# Any information on the new Honda HS1332 Snowblower?



## mrwhite1 (Jun 20, 2011)

I have been researching snowblowers here recently, i was interested in purchasing an 1132. Unfortunately this isnt a good time of the year to talk to dealers since they had to put in their orders at the end of March and were wish washy on giving me pricing. One of the dealers I spoke with actually had his act together and was telling me the 1132 has been discontinued and the new model is the 1332. I've been trying to research to find out what will be the difference between it and the previous 1132 beside the upgraded 13 horsepower engine?

Anyone heard anything?
Few rumors he heard although not confirmed: 
Slightly increased handlebar height
Standard commercial skid shoes
Move choke to throttle instead of own cable

Additional information or pictures would be appreciated


----------



## bwdbrn1 (Nov 24, 2010)

They must be so new they aren't even showing them on their power equipment site yet. Let us know what more you learn too.


----------



## [email protected] (Nov 21, 2011)

Both the HS1132TA (pull-start only) and HS1132TAS models have been discontinued and replaced by the HS1332TA/HS1332TAS. The changes are:

New GX389 engine, 50-state compliant, meeting all current EPA and California ARB standards.
2" taller handlebars
Improved cold-weather performance to prevent carb / breather tube icing
Reversible 2-position skid-shoes
Lower noise profile with improved muffler duct
Individual throttle and choke controls for precise operation in all weather conditions
Taller fuel cap for easier grip and handling with mittens or gloves
Improved fan shear bolt design for simpler and easier replacement. 

More details here:
*Honda Power Equipment - HS1332TA (TA model)
**Honda Power Equipment - HS1332TAS (TAS model)

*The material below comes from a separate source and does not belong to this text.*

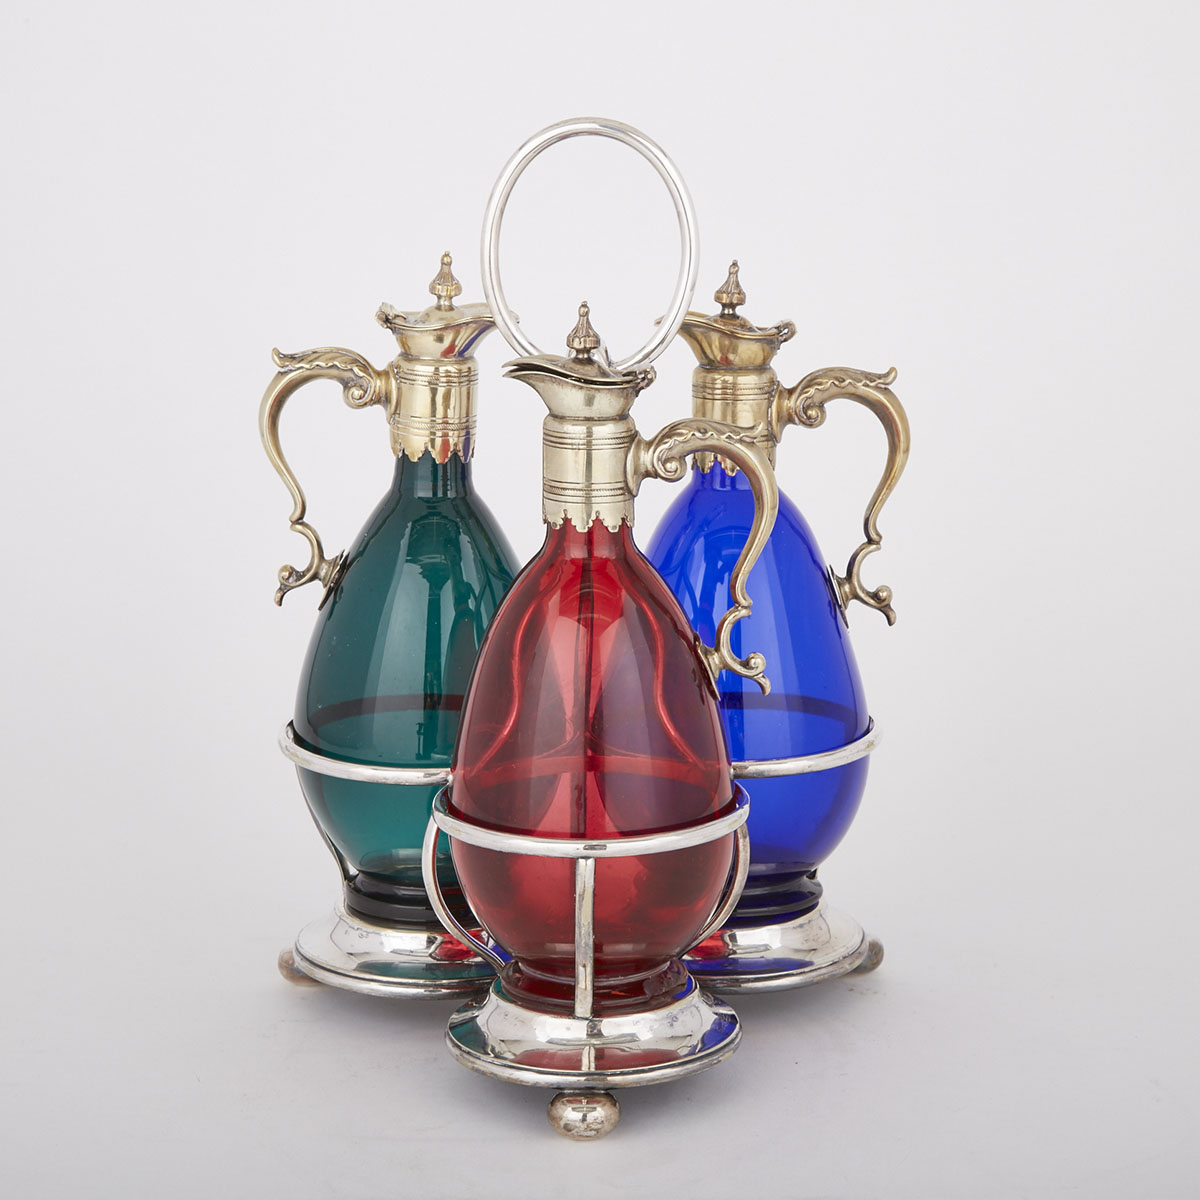 Edwardian Silver Plated and Coloured Glass Three-Bottle Tantalus, early 20th century

*Caveat: I work for Honda, but the preceding was my opinion alone.


----------



## HCBPH (Mar 8, 2011)

*Welcome*

Robert

Welcome to the forum. Good info and from someone who definitely should have the straight info. Hope you're willing to share all you can, there's always someone with a question and it's good to have a knowledable source available.


----------



## bwdbrn1 (Nov 24, 2010)

Thanks Robert, and welcome to our Forum. We look forward to your posts.


----------